ART_AND_DESIGN : 1986335.0877192982
AUTO_AND_VEHICLES : 647317.8170731707
BEAUTY : 513151.88679245283
BOOKS_AND_REFERENCE : 8767811.894736841
BUSINESS : 1712290.1474201474
COMICS : 817657.2727272727
COMMUNICATION : 38456119.167247385
DATING : 854028.8303030303
EDUCATION : 1833495.145631068
ENTERTAINMENT : 11640705.88235294
EVENTS : 253542.22222222222
FINANCE : 1387692.475609756
FOOD_AND_DRINK : 1924897.7363636363
HEALTH_AND_FITNESS : 4188821.9853479853
HOUSE_AND_HOME : 1331540.5616438356
LIBRARIES_AND_DEMO : 638503.734939759
LIFESTYLE : 1437816.2687861272
GAME : 15588015.603248259
FAMILY : 3695641.8198090694
MEDICAL : 120550.61980830671
SOCIAL : 23253652.127118643
SHOPPING : 7036877.311557789
PHOTOGRAPHY : 17840110.40229885
SPORTS : 3638640.1428571427
TRAVEL_AND_LOCAL : 13984077.710144928
TOOLS : 10801391.298666667
PERSONALIZATION : 5201482.6122448975
PRODUCTIVITY : 16787331.344927534
PARENTING : 542603.6206896552
WEATHER : 5074486.197183099
VIDEO_PLAYERS : 24727872.452830188
NEWS_AND_

As we can see, the top 5 apps installed by users are:
* `VIDEO_PLAYERS`, avg_users = 24727872.45 users, 
* `SOCIAL`, avg_users = 23253652.13 users,
* `PHOTOGRAPHY`, avg_users = 17840110.40 users,
* `PRODUCTIVITY`, avg_users = 16787331.35 users, and
* `GAME`, avg_users = 15588015.60 users

Here are a few next steps you could take:

* Analyze the frequency table for the Genre column of the Google Play dataset, and see if you can find useful patterns.
* Assume we could also make revenue via in-app purchases and subscriptions, and try to determine which genres seem to be liked the most by users — you could examine app ratings here.
* Refine your project using our data science project style guide.

If you're going to work on the next steps above independently, you'll almost inevitably face some problems like not knowing how to fix an error, or not knowing what code to write to perform a certain task.

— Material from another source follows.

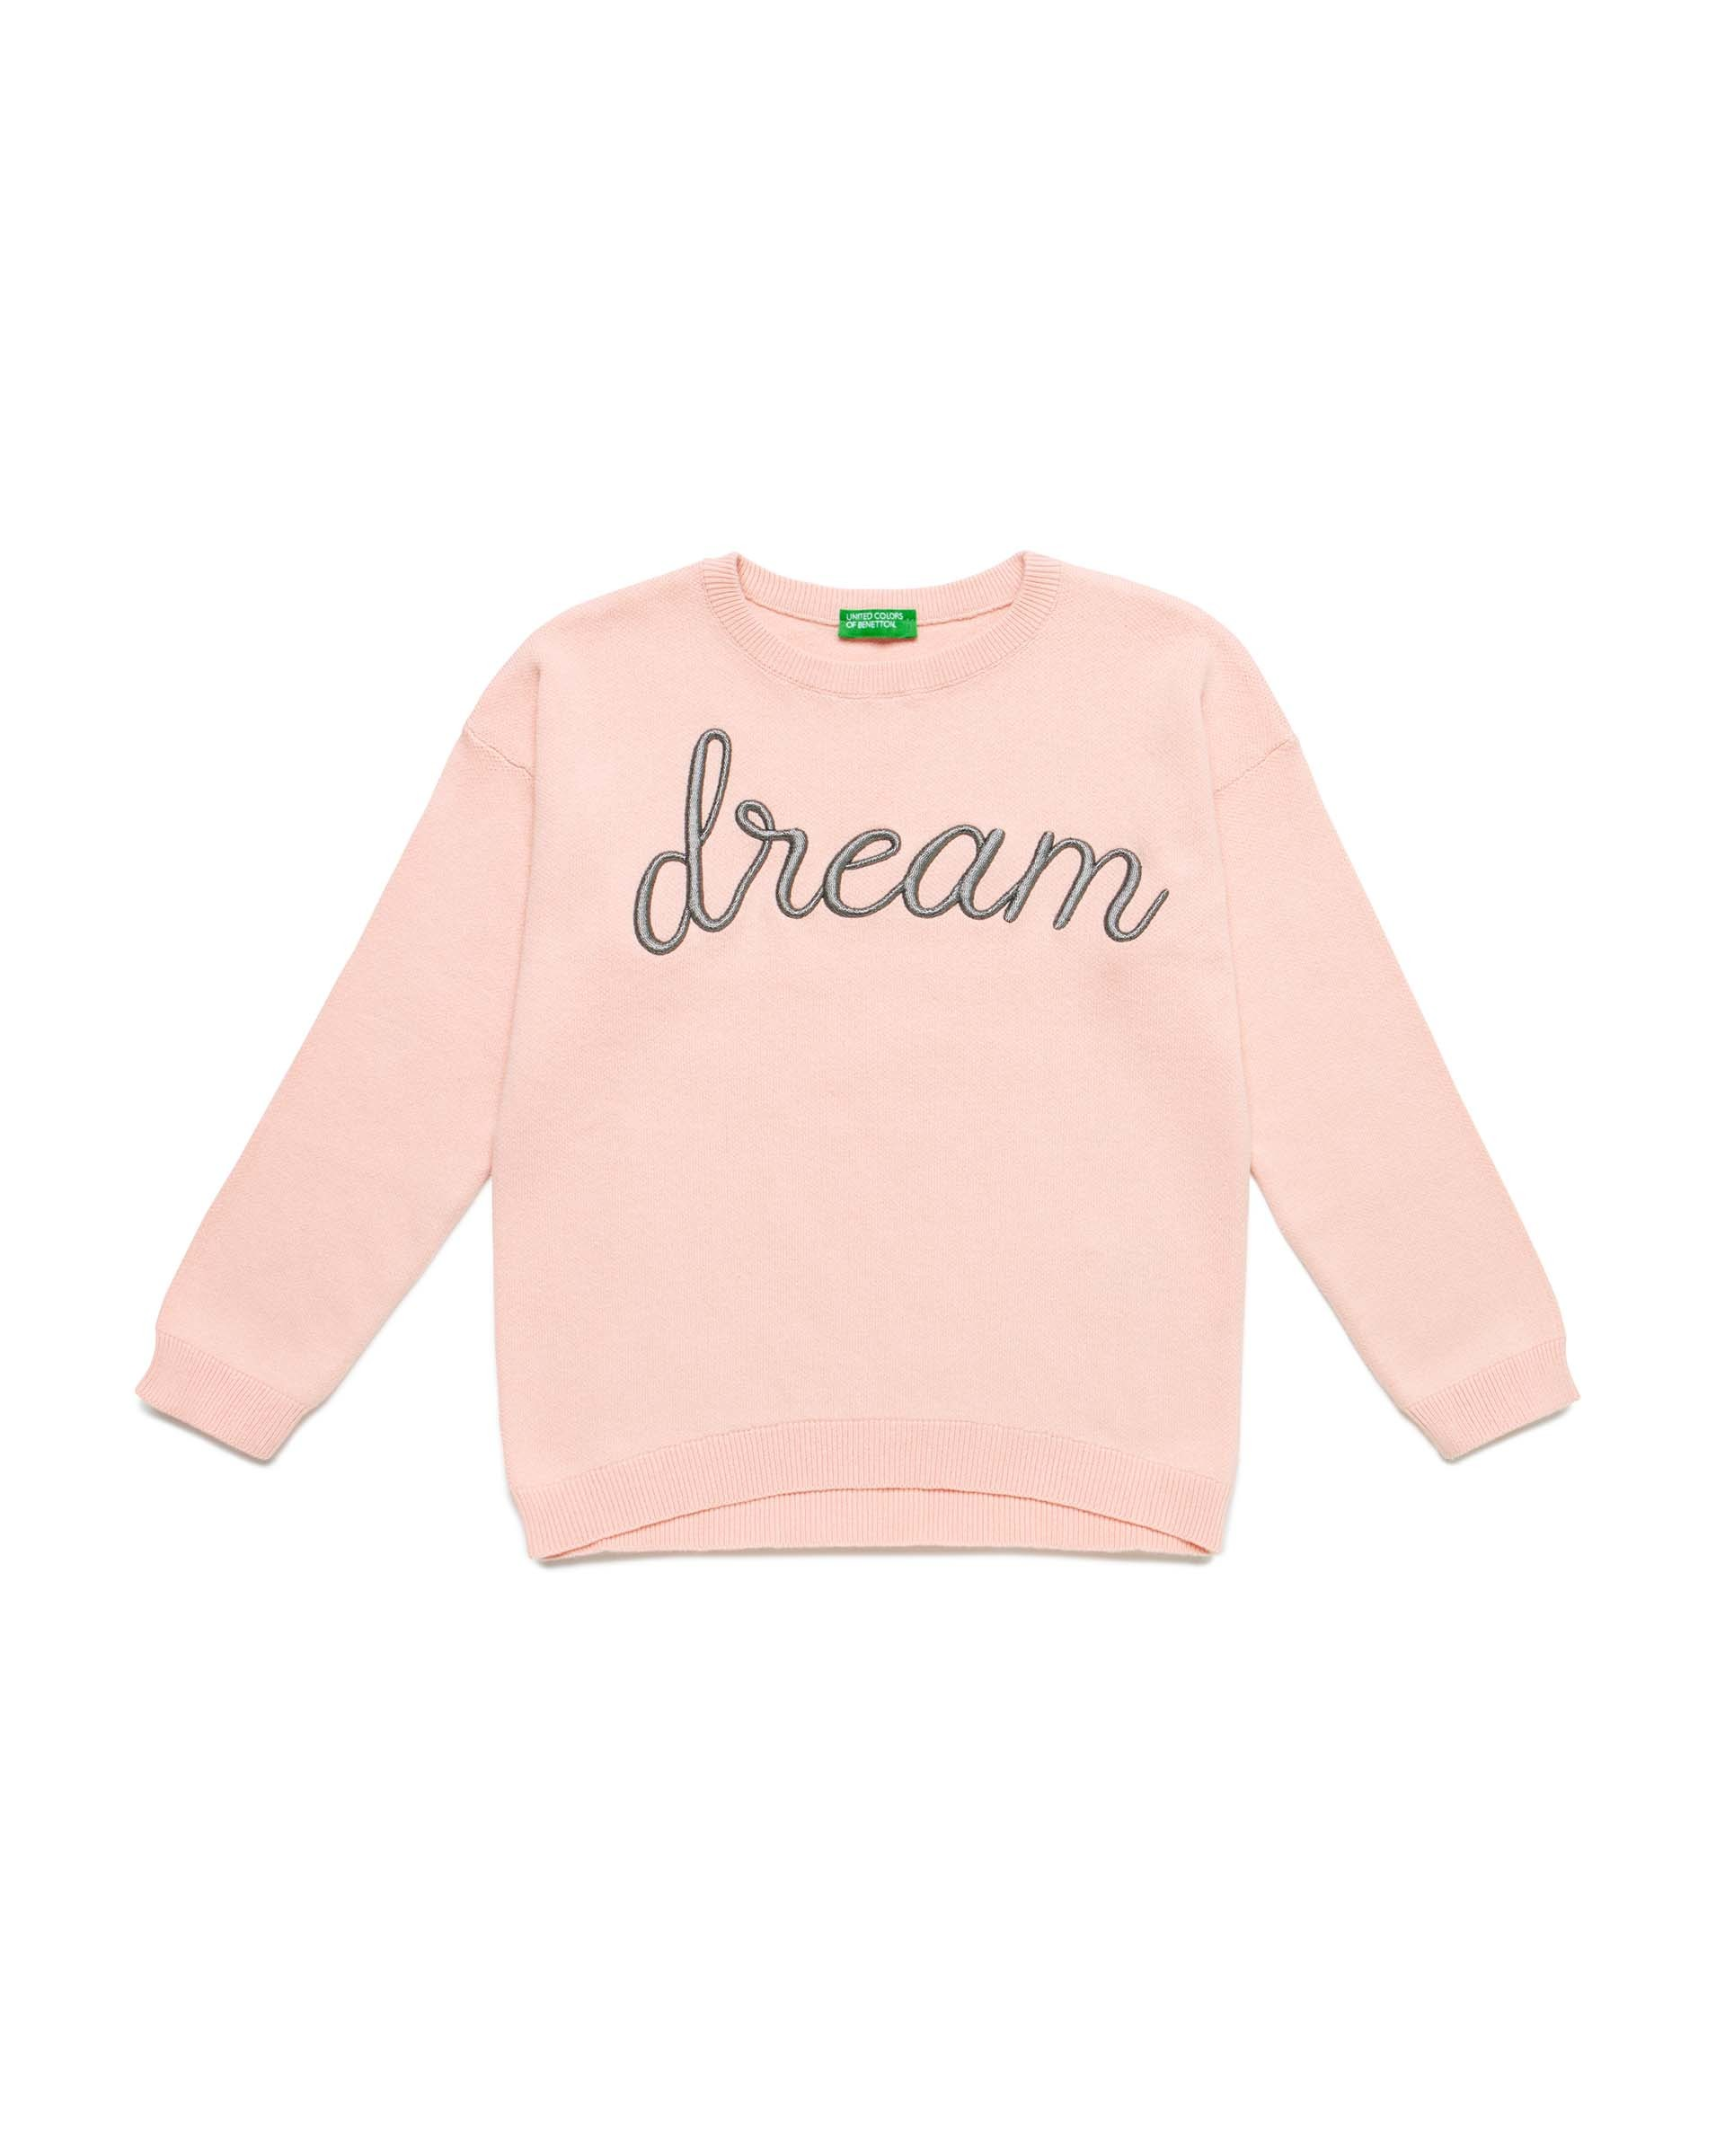 Купить 20P_10C1C1895_930, Джемпер для девочек Benetton 10C1C1895_930 р-р 110, United Colors of Benetton, Джемперы для девочек
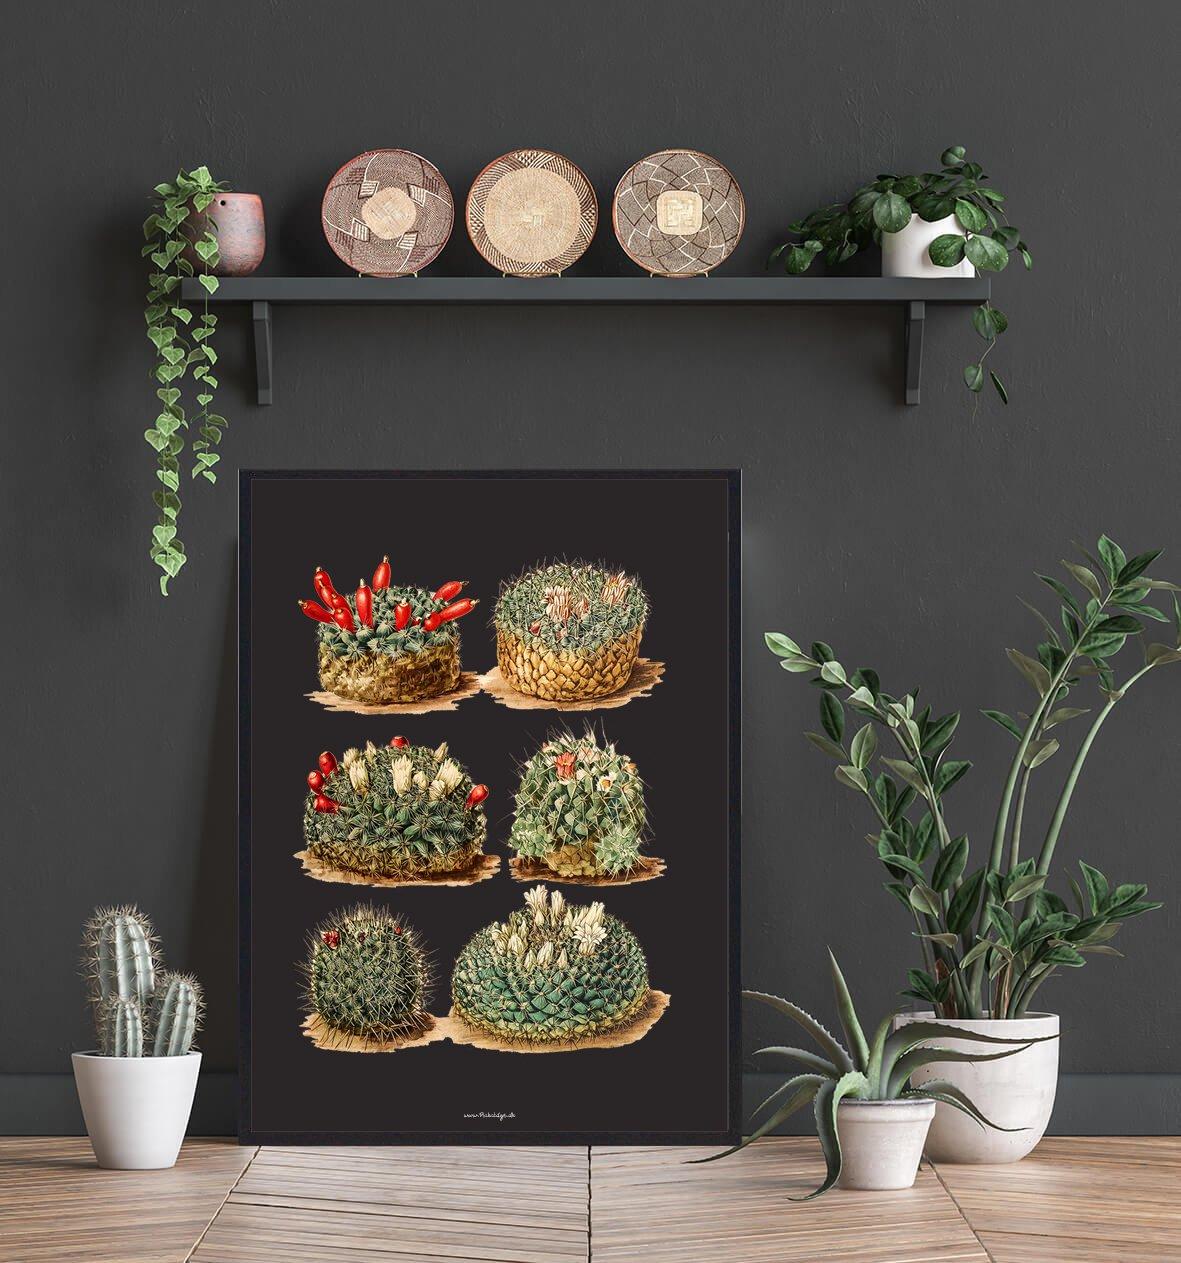 kaktus-diverse-bolig-2

In situations like these, the best thing to do is to start with a Google search (or any other search engine). In most situations, there will always be people who already ran into the same kind of problem, and you'll be able to use the solution they came up with.

As you search for solutions to your problems, you'll notice that one particular site will constantly show up in the first few results of your query — Stack Overflow. The community on Stack Overflow is very active, and the answers you'll find there are almost always accurate and up-to-date. One important tip when you're searching on Google is to start with the word "python". For instance, if you want to find out how to remove the characters from a string, search for "python how to remove a character from a string" (not just "how to remove a character from a string") — otherwise you'll most likely get results for other programming languages.